The poppy is our best-known wild flower, planted by Mother Nature before white men ever visited these shores. When the Spanish settled here they called the poppy copa de oro, or cup of gold. The gold hunters spoke of it as the California gold flower, and sent the pressed poppies home in their letters. But its correct name is the Eschscholtzia (esh-sholt’si-a), from the name of a German botanist and naturalist, who studied the plant and wrote about it almost a hundred years ago.

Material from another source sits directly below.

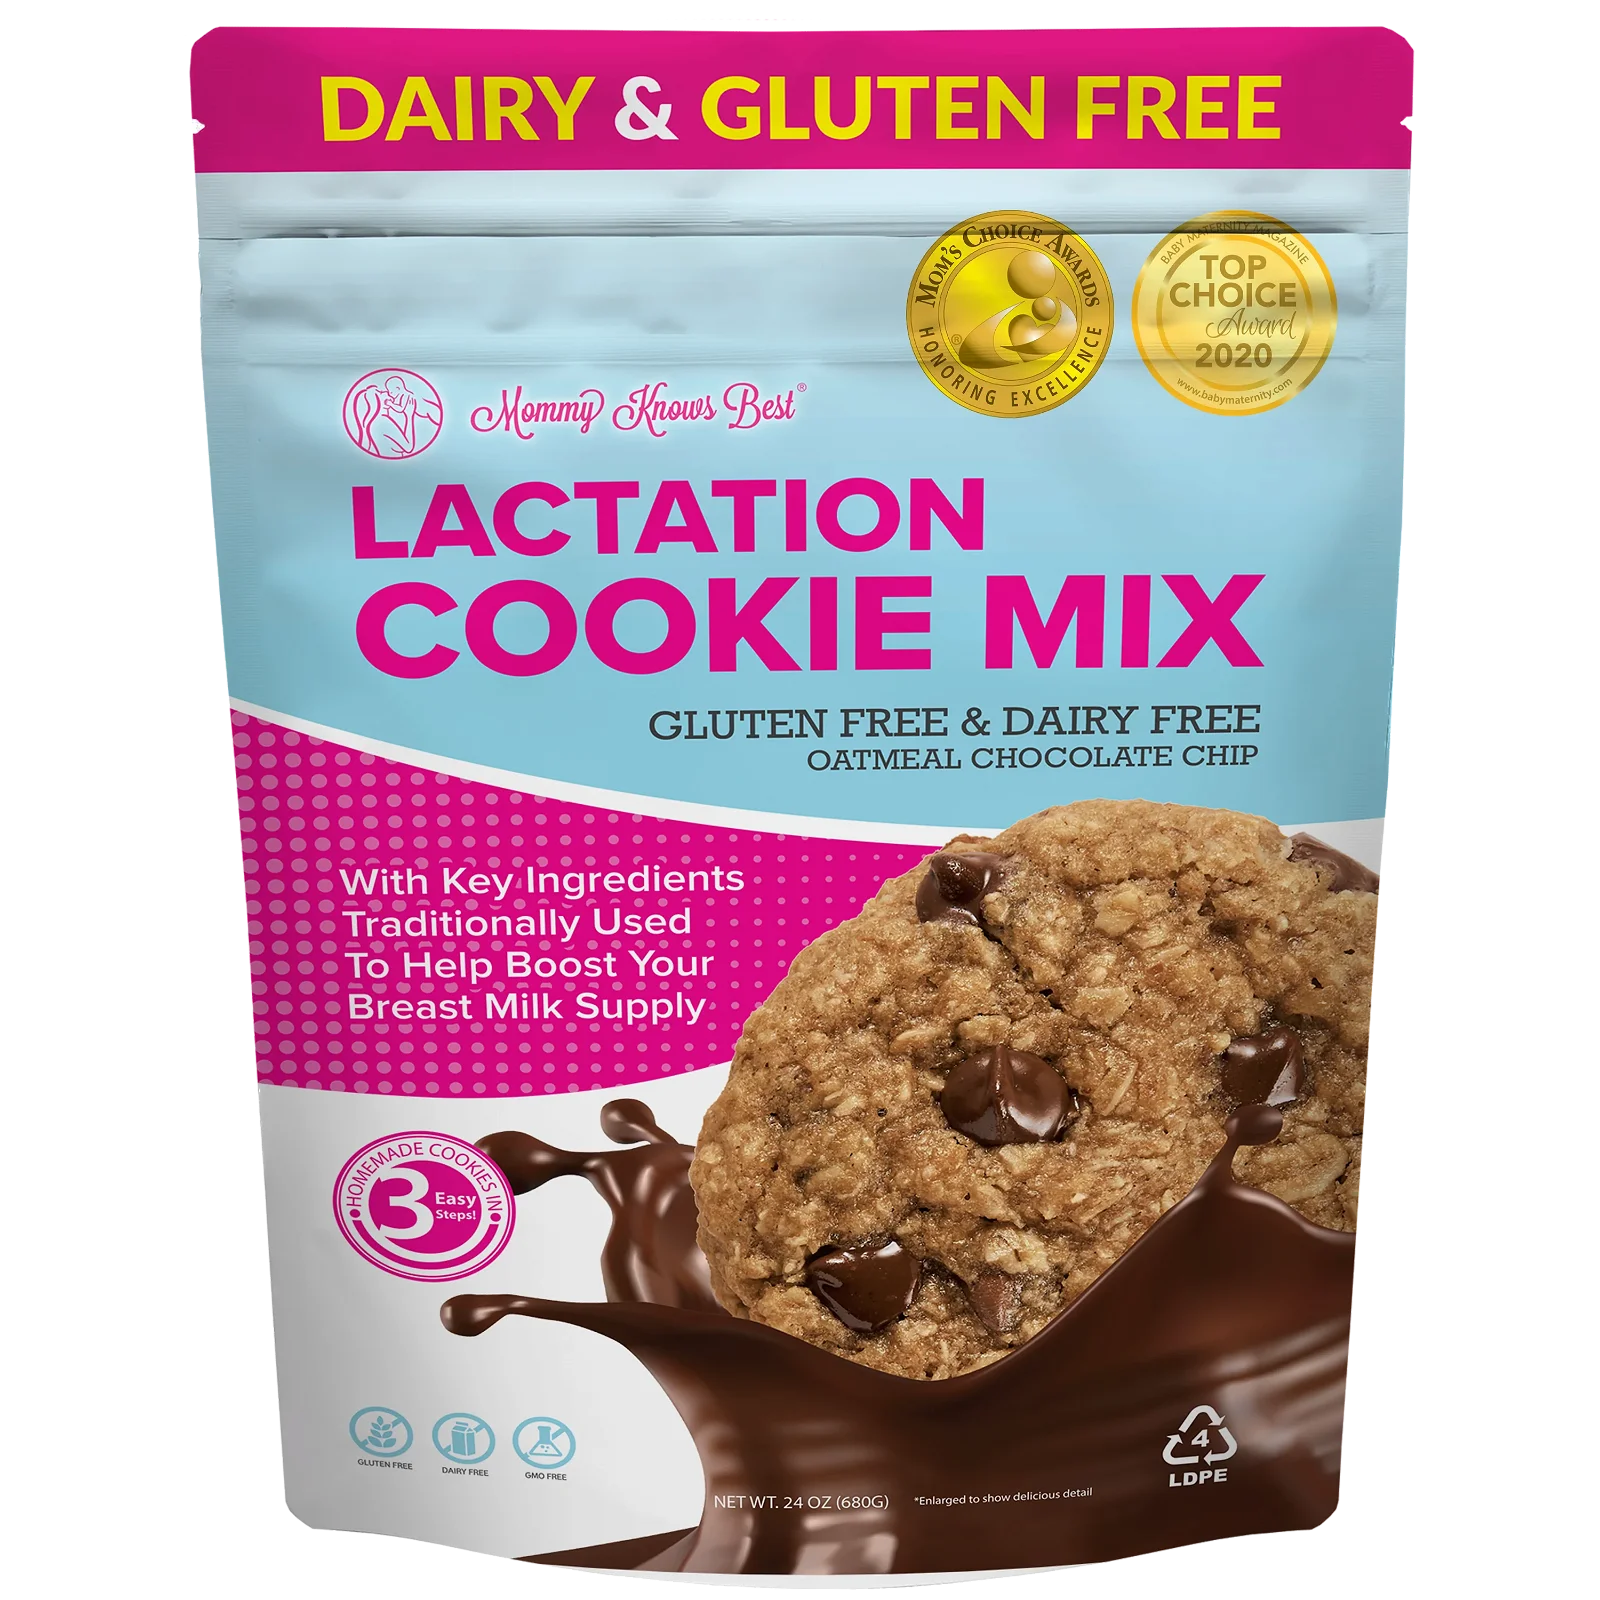 Image of Gluten/Dairy Free Lactation Cookie Mix

From February to May the poppies are most plentiful, but a few may be found almost every month in the year. Have you noticed the finely cut green leaves, and the pointed green nightcap that covers each bud till the morning sunshine coaxes off the cap and unfolds the four satiny golden petals? The flowers love the sun and close up on dark, cloudy days, or if brought into the house. But put them in a sunny window the next morning, and you may watch the cups of gold open to the light.

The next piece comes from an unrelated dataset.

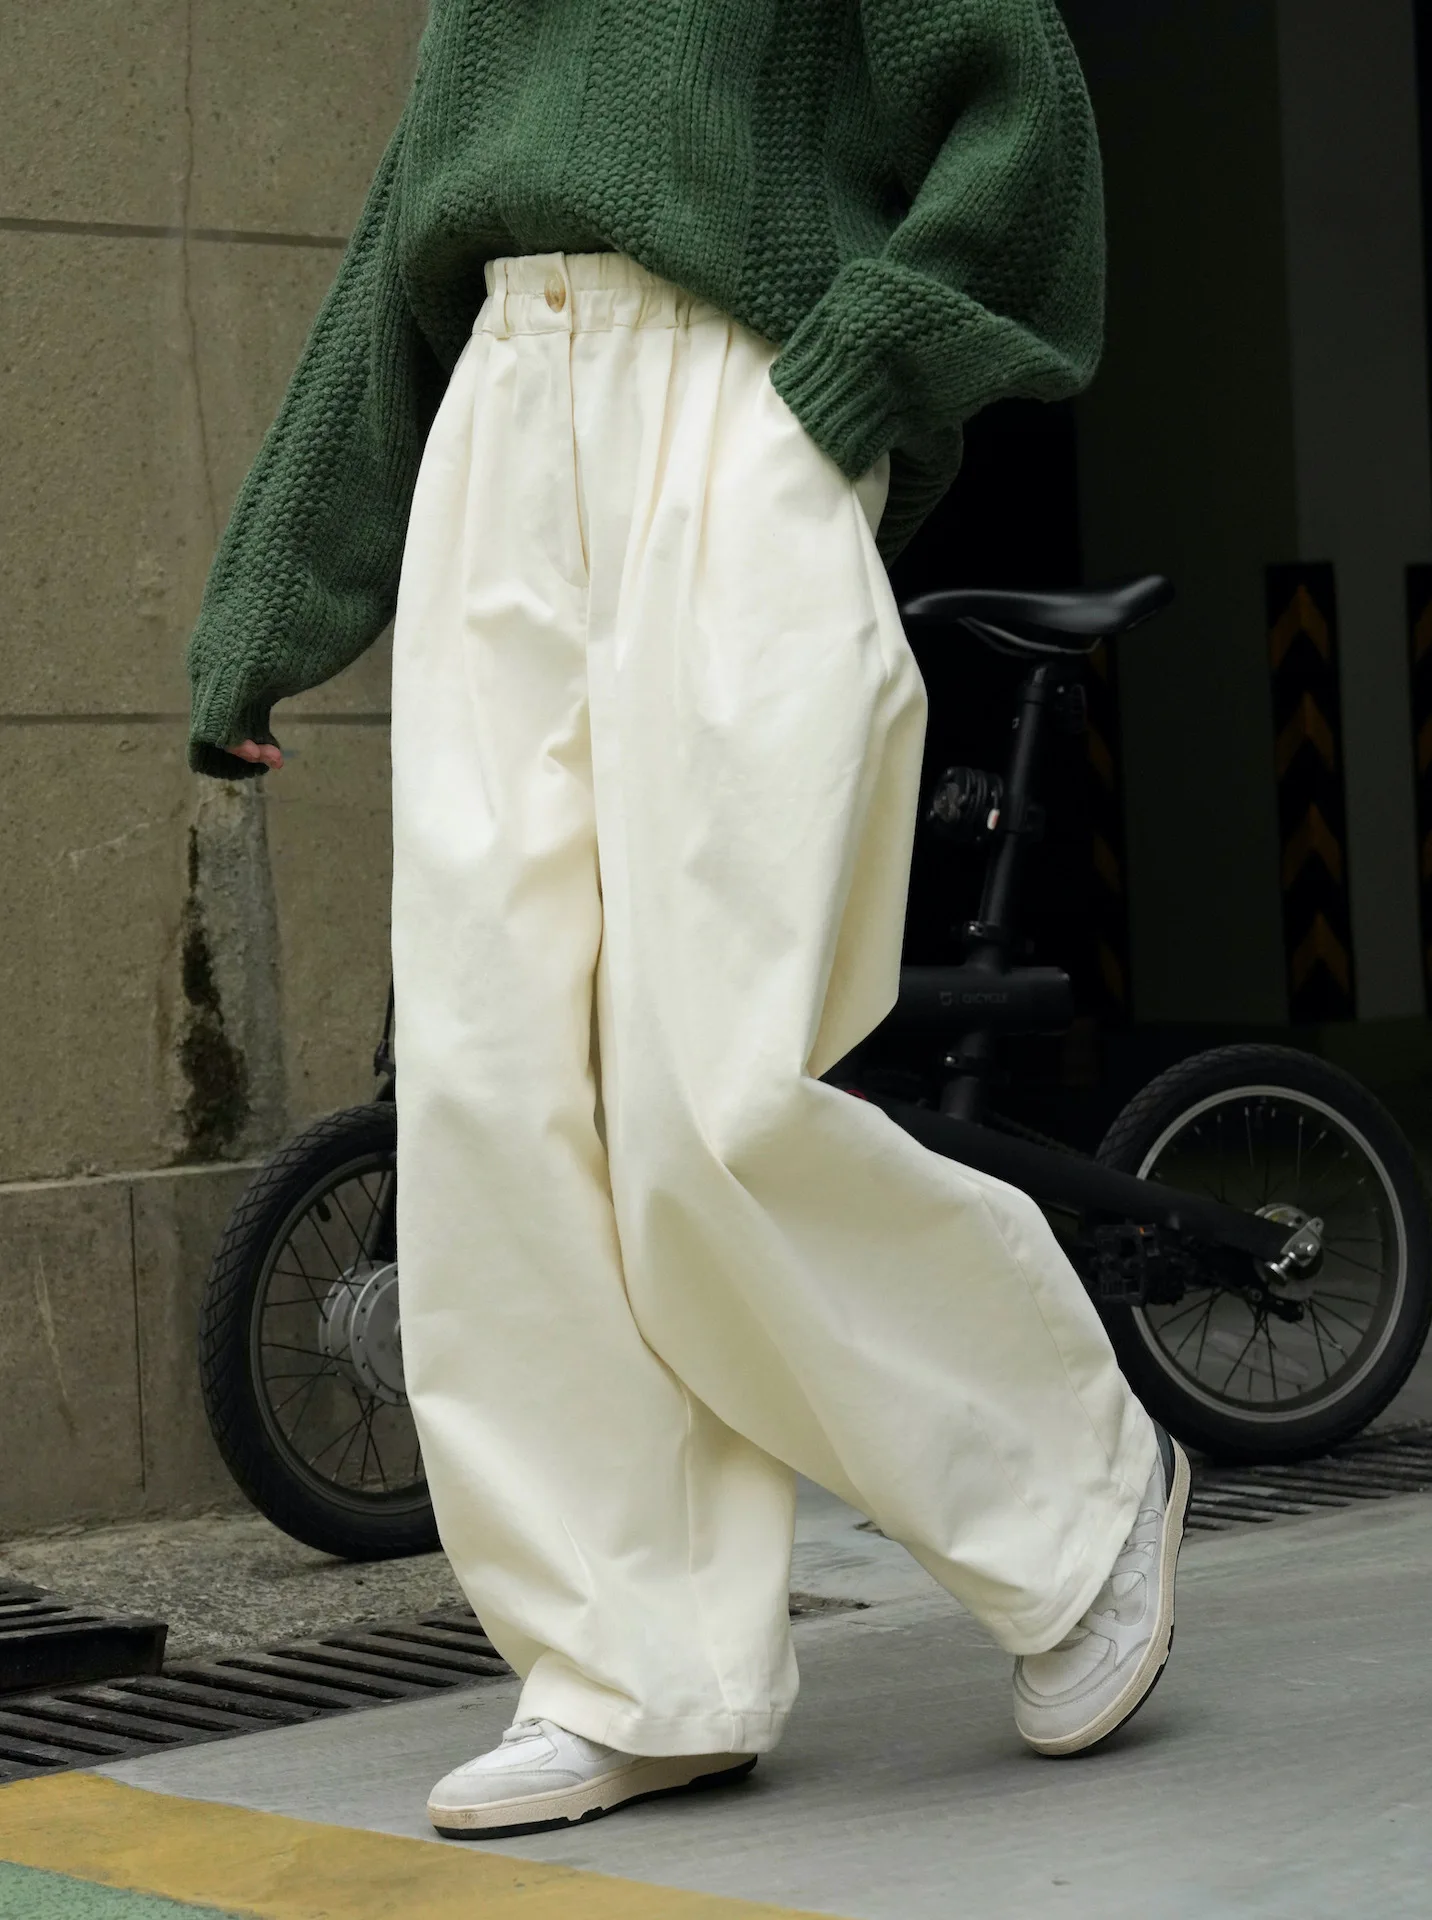 Women's casual solid color high waist loose wide leg pants in autumn and winter

Some of the poppies are a deep orange-color, while others are a pale yellow. And as you walk through the fields you may pick a hundred at each step, so thick do the plants grow. The wild bees find a yellow dust called pollen or “bee-bread” in the poppy, the same golden powder that rubs off on your nose, when you put it too close to this cup of gold or to lilies.
Then in this “unfenced garden” were also the baby blue-eyes, whose pretty pale-blue blossoms come early in the spring, each one with a drop of honey at the foot of its honey path, as the black lines on its petals are called.
Can you name twenty kinds of wild flowers? Around San Francisco and the bay counties you will count, after the poppy and baby blue-eyes, the shining yellow buttercup, the blue and yellow lupines that grow in the sand, the tall thistle whose sharp, prickly leaves and thorny red blossoms spell “Let-me-alone,” the blue flag-lilies and red paint-brush, yellow cream-cups, and wild mustard, and an orange pentstemon. These with many yellow compositae or flowers like the dandelion, you will find growing on the windy hills and dry, sunny places. Hiding away in quiet corners are the blue-eyed grass, and a wild purple hyacinth, the scarlet columbine swinging its golden tassels, shy blue larkspur, a small yellow sunflower, and wild pink roses. Among the ferns in shady, wet nooks are white trilliums and a delicate pink bleeding-heart, while the wild blue violets and yellow pansies love the warm, rocky hillside.
Mariposas, or butterfly tulips of many colors, grow in the foot-hills and mountains. Perhaps our most beautiful wild flowers are the lilies, of which we have over a dozen kinds. In the redwood forests there is a tall, lovely pink lily, and many brown-spotted yellow tiger-lilies. Up in the mountain pines a snowy white Washington lily sometimes covers a mountain side with its tall stems bearing dozens of sweet waxen blossoms. In the wet, swampy places bright red, and many small orange lilies bloom in late summer.